After mainly working with figures in early paintings and etchings, he began painting landscapes after returning to Melbourne in 1957, which remained the major theme in his art.

While learning etching and printing in London, he produced vivid caricatured sketches of contemporary London life.

It was during this period that he established his method of reworking the same motif a number of times in a number of mediums and very often over a number of years.

Williams' first Australian landscape series was based on the Nattai River (1957–58).

Williams' landscapes recorded the passage of the Yarra River from its source to its mouth.

Five paintings were required for his entry and he selected Landscape with a steep road (1957), Landscape with a building I (c. 1957–58), The forest pond (c. 1959–60), Sherbrooke Forest (1960) and The St George River (1960).

1959

As an artist concerned with form over subjectivity, Williams' approach struck a jarring note against the unity of many of his close associates such as John Brack, Arthur Boyd and Charles Blackman, the authors of the famous ‘Antipodean’ manifesto of 1959.

Williams' work was excluded from their major exhibition.

As heirs to the expressionist tradition, the Antipodeans lauded a spontaneous, improvised approach to painting and saw the function of art as vested in its expressive potential.

They had little time for - and, in fact, denounced - the 'new' art emerging from Europe, the influences which were increasingly informing Williams' development.

On his return to Australia, Williams saw the aesthetic potential of the Australian bush in its inherent plasticity.

His interest in finding an aesthetic 'language' with which to express the very un-European Australian landscape.

This was grounded in establishing a pictorial equivalent to the overwhelmingly vast, primarily flat landscape, in which the traditional European relationship of foreground to background breaks down, necessitating a complete re-imagining of compositional space.

In this, Williams looked to the approach taken by Australian Aboriginal artists.

He did this by tilting the landscape up against the picture plane, so that frequently the only indicator of horizontal recession is the presence of a horizon line, or where clumps of trees huddle closer together towards the horizon, suggesting recession.

1960

Where no horizon is visible, the landscape runs fully parallel to the picture plane, as in the major You Yangs series of the mid-1960s.

Here, calligraphic knots of pigment indicate the presence of single trees against the earth, as if seen from the air (example).

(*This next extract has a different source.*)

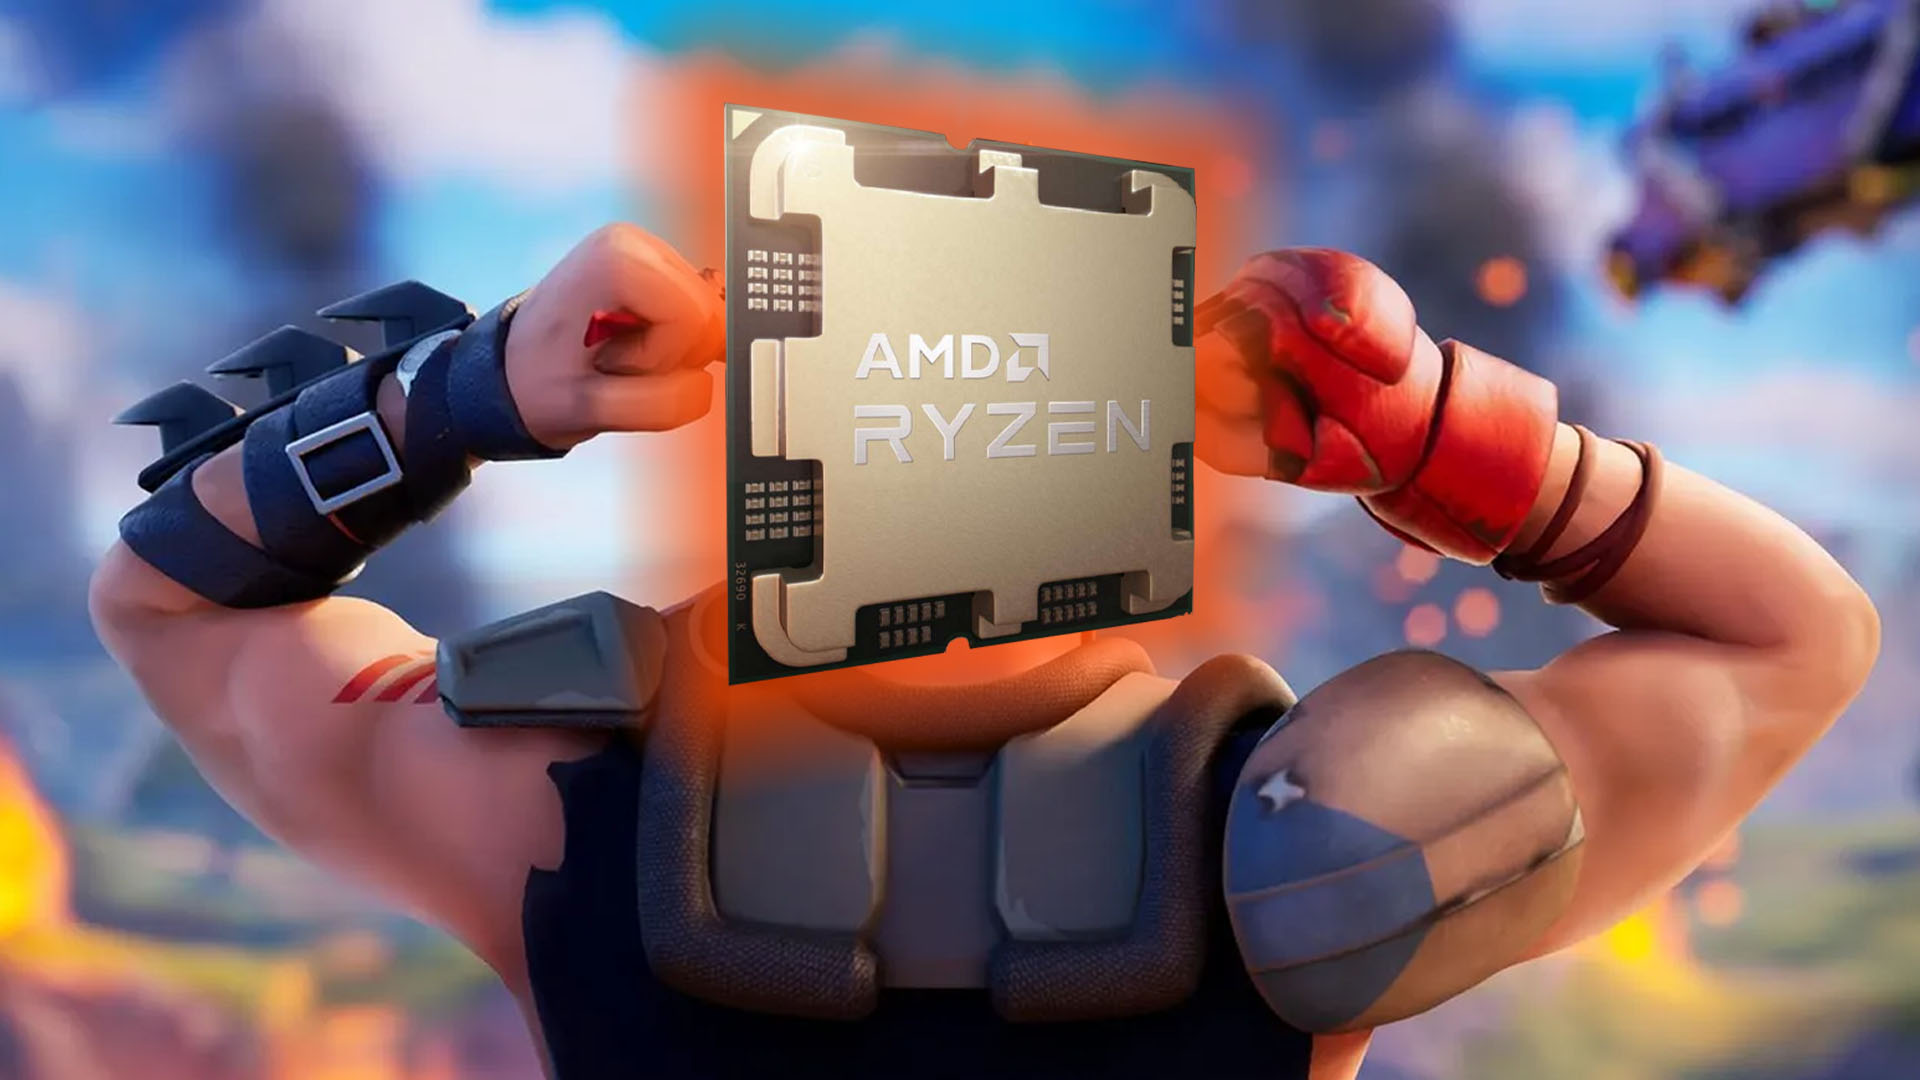 AMD's new CPU hits 132fps in Fortnite without a graphics card
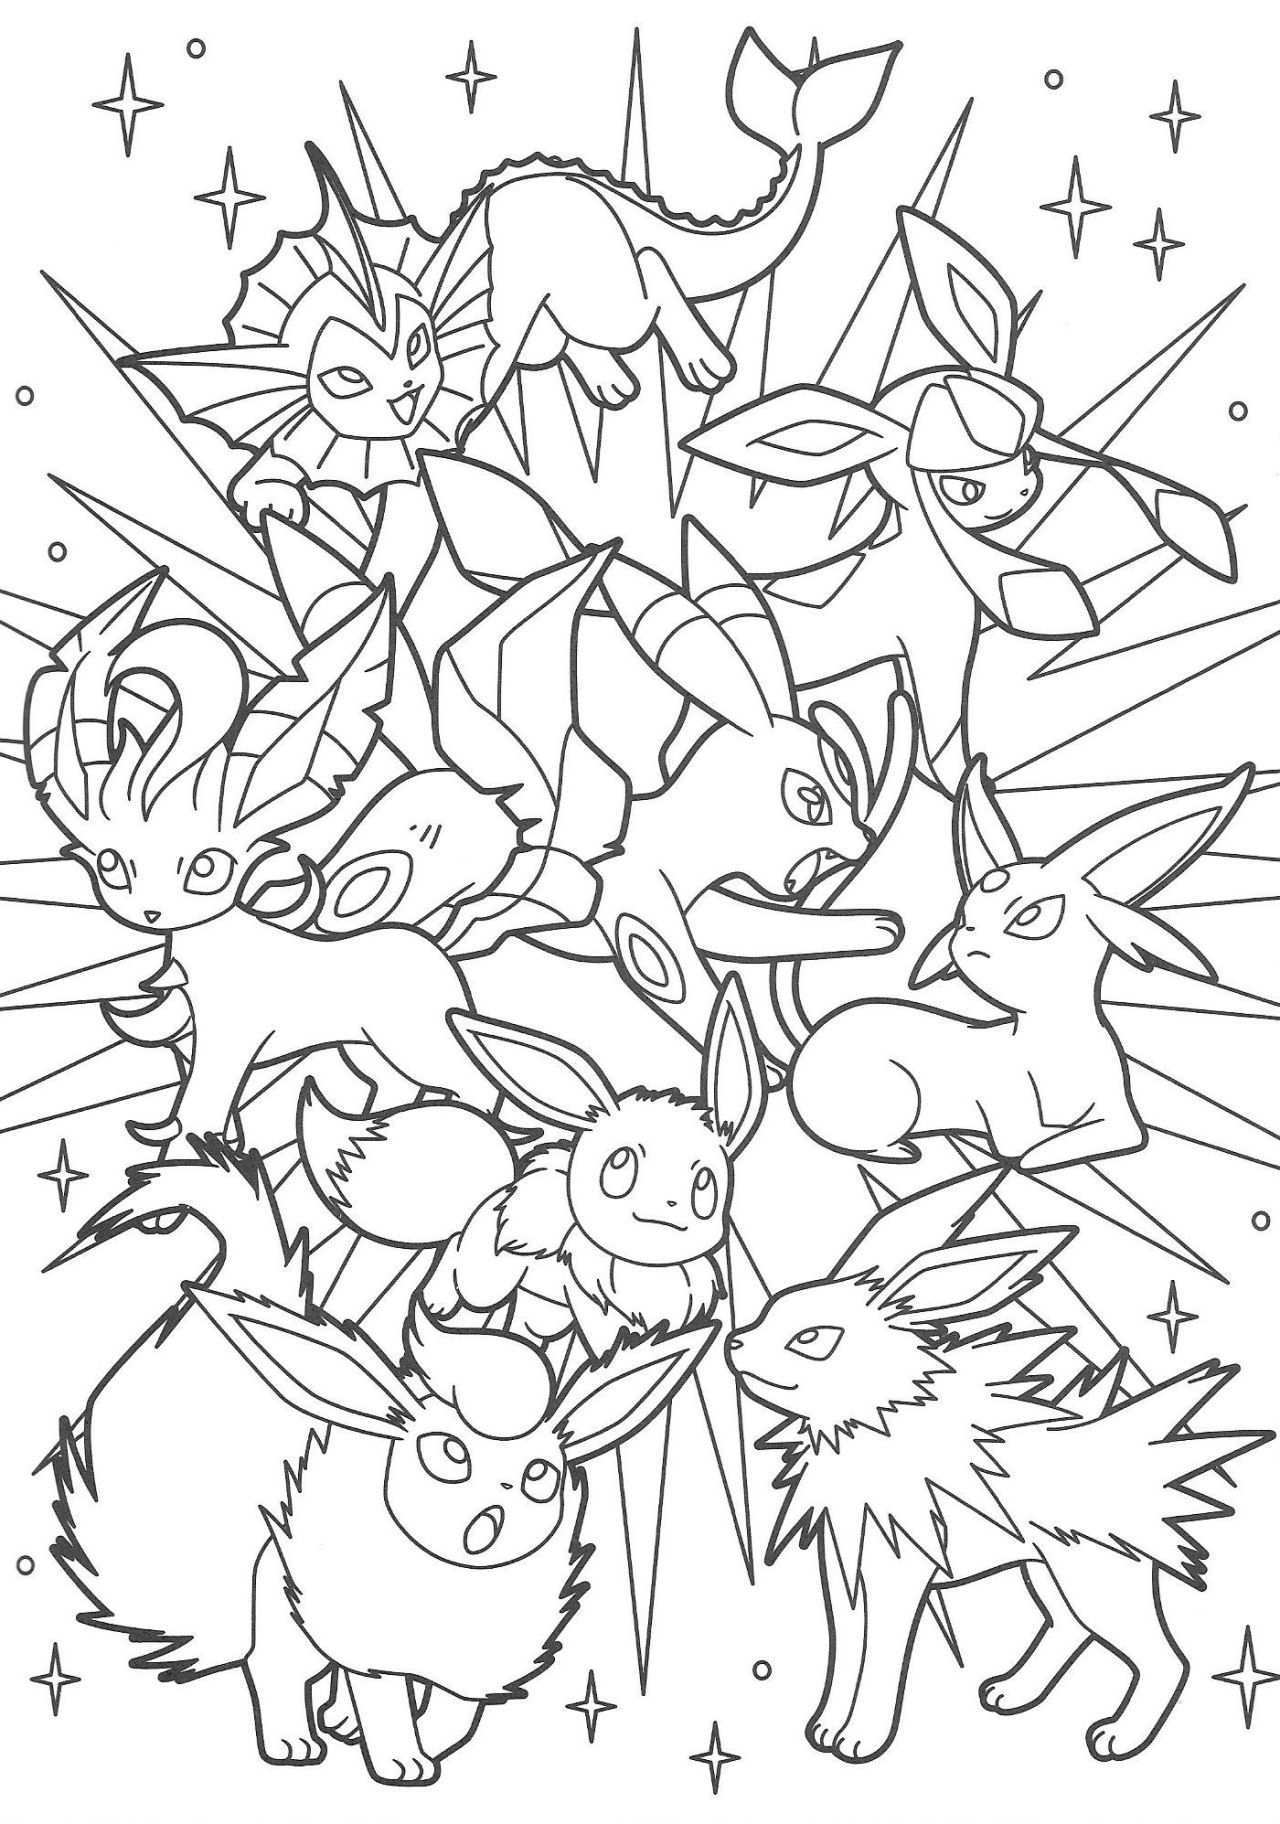 Pokemon Scans From Pacificpikachu S Collection Pikachu And Eevee Friends Coloring Book Pokemon Coloring Sheets Pokemon Coloring Pages Pokemon Coloring

In 1960, Williams was invited to enter for the Helena Rubenstein Travelling Art Scholarship, the richest and most prestigious art prize at the time with an award of £1000 plus £300 travel expenses aimed at giving the winner overseas experience.

1963

He won in 1963 and it proved to be a turning point in his career which, according to fellow artist Jan Senbergs, brought Williams wide acclaim, especially from many influential curators and critics.

Sydney art dealer Rudy Komon took Williams on as one of his key artists which enabled Williams to discontinue his part-time work with a Melbourne picture-framer and paint full-time.

1969

In 1969, Williams started using a horizontal strip format in his landscape paintings in order to present different aspects of one scene on the same sheet.

1970

In 1970, Williams produced a group of four large strip format gouache-on-paper paintings called the West Gate Bridge series showing the half-constructed West Gate Bridge over the Yarra River in Melbourne.

A section of the bridge collapsed on 15 October 1970, while it was still under construction, killing thirty-five workers.

Williams had planned to paint the length of the river, but his widow, Lyn said he "lost heart in the project" after the accident.

1971

In his Beachscape with bathers Queenscliff I-IV series from 1971, Williams painted from the top of a cliff overlooking the beach during a seaside holiday.

Each sheet is broken horizontally into four separate strips representing a different time of day and corresponding shift in the colour and tone of the scene as Williams recorded the effects of light on the landscape.

1977

He had more than seventy solo exhibitions during his career in Australian galleries, as well as the exhibition Fred Williams - Landscapes of a Continent at the Museum of Modern Art in New York in 1977.